Similar risk reference portfolios highlight added value
We believe a better way to assess funds’ performance is to compare them with reference portfolios with a similar level of risk, which is the approach advocated by the Productivity Commission. A reference portfolio is a vanilla passive portfolio with a given level of risk, preferably constructed from investible market indices and measured net of tax. If a MySuper fund is doing its job well, we would expect to see evidence of added value against this passive benchmark of similar risk.
For our analysis we have used a simplified version of the Productivity Commission’s BP1 reference portfolio using each fund’s growth/defensive split as the measure of risk. We know there is inconsistency in the way funds categorise their assets as growth or defensive, especially in the case of unlisted property and infrastructure, so for the purpose of this exercise we have adopted a ‘normalised’ metric by treating those unlisted assets as 50% growth for all funds. We have, however, accepted each funds’ own categorisation of alternative assets as there is no simple way for us to assess the nature of these portfolios. APRA takes a slightly different approach, classifying unlisted property and unlisted infrastructure as 75% growth and alternatives as 50% growth.
For each MySuper product we have constructed a reference portfolio by combining the growth and defensive assets shown in Table 3 in proportions that match our normalised growth/defensive assessment for that product each year. This includes lifecycle products where the reference portfolios used for each year reflects the average level of growth assets over the year, which for certain lifestages changes quite significantly over a 5-10 year period.
Note: The 35% hedging level for international shares is close to the median in our asset allocation surveys in recent years.

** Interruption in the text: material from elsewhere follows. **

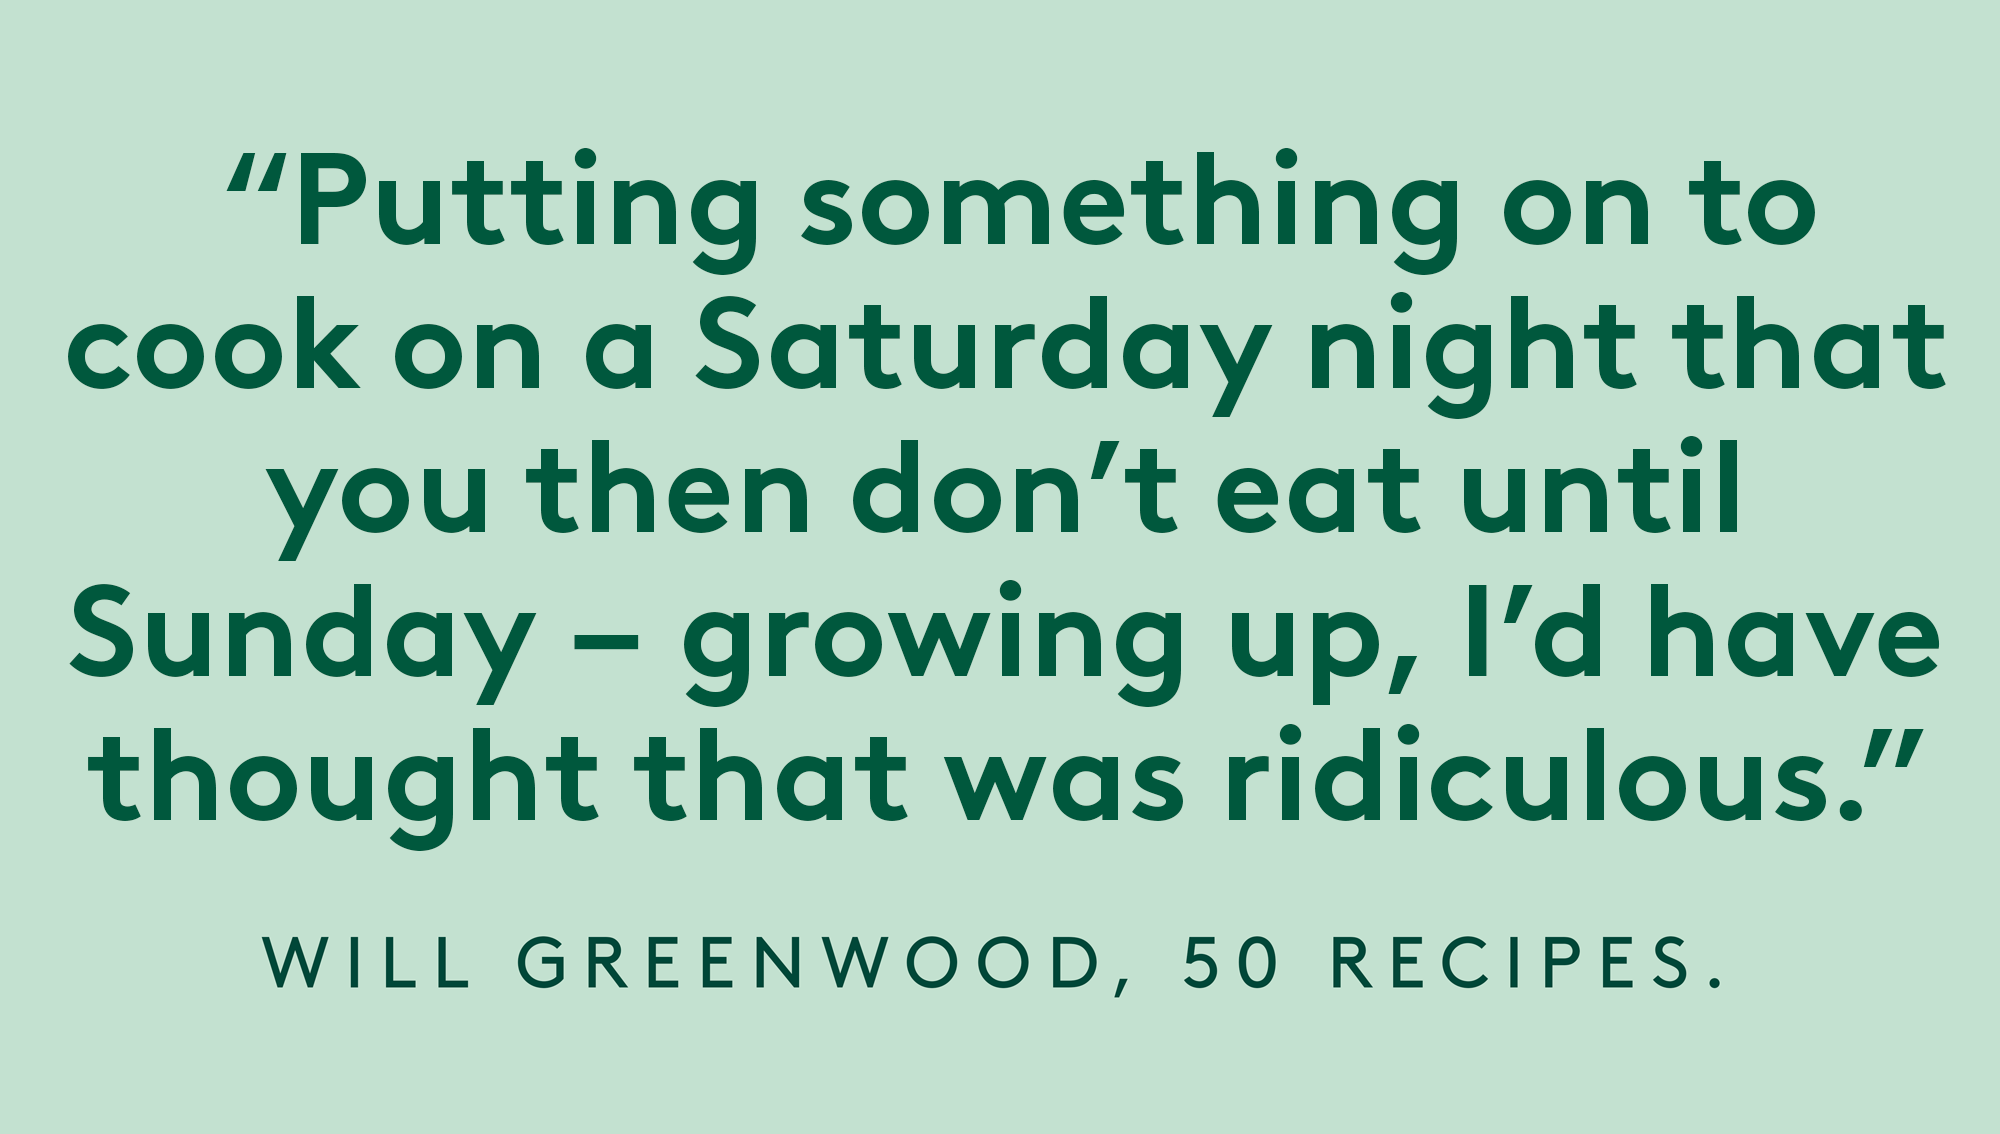 Will Greenwood | Big GReen Egg 50 recipes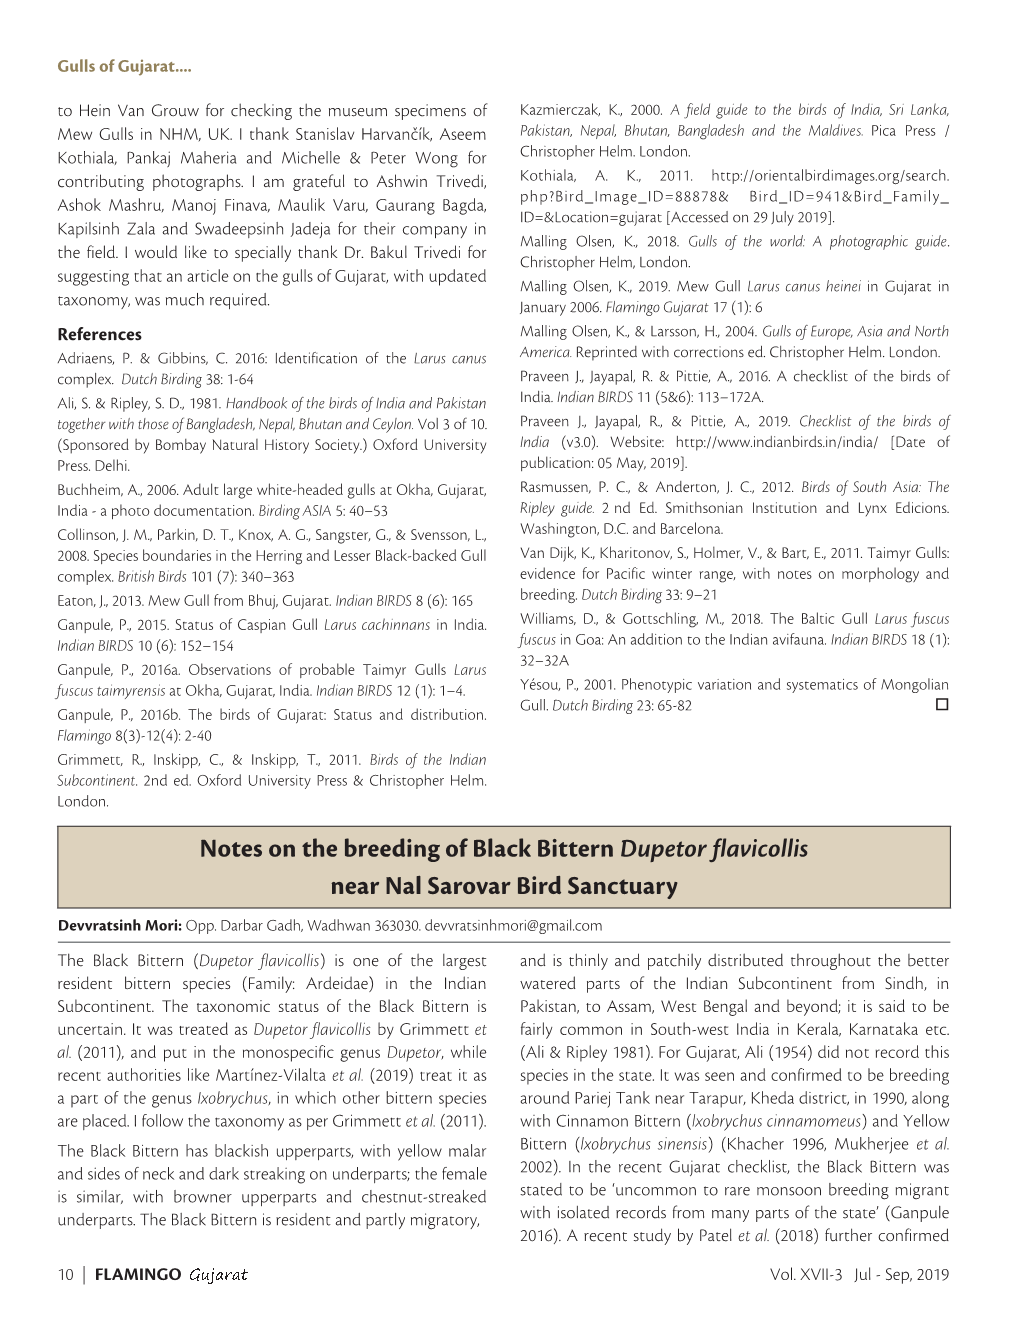 Notes on the Breeding of Black Bittern Dupetor Flavicollis Near Nal Sarovar Bird Sanctuary

Compared to the reference portfolio that APRA is using in its Heatmap analysis, there is no difference in the defensive asset composition and the only difference in the growth asset composition is the hedging percentage on international shares (we have used 35% versus APRA’s 50%). Our tax assumption is the most significant difference from APRA’s methodology where the effective tax rate is built up from tax assumptions for individual asset sectors. APRA assumes a zero tax rate for Australian shares and either 14% or 15% for all other asset sectors. We have used the tax rates from ASIC’s MoneySmart website for portfolios with different levels of growth assets, increased by 0.5% p.a. as we believe ASIC’s tax rates are a little low (but this difference makes negligible difference to the overall results).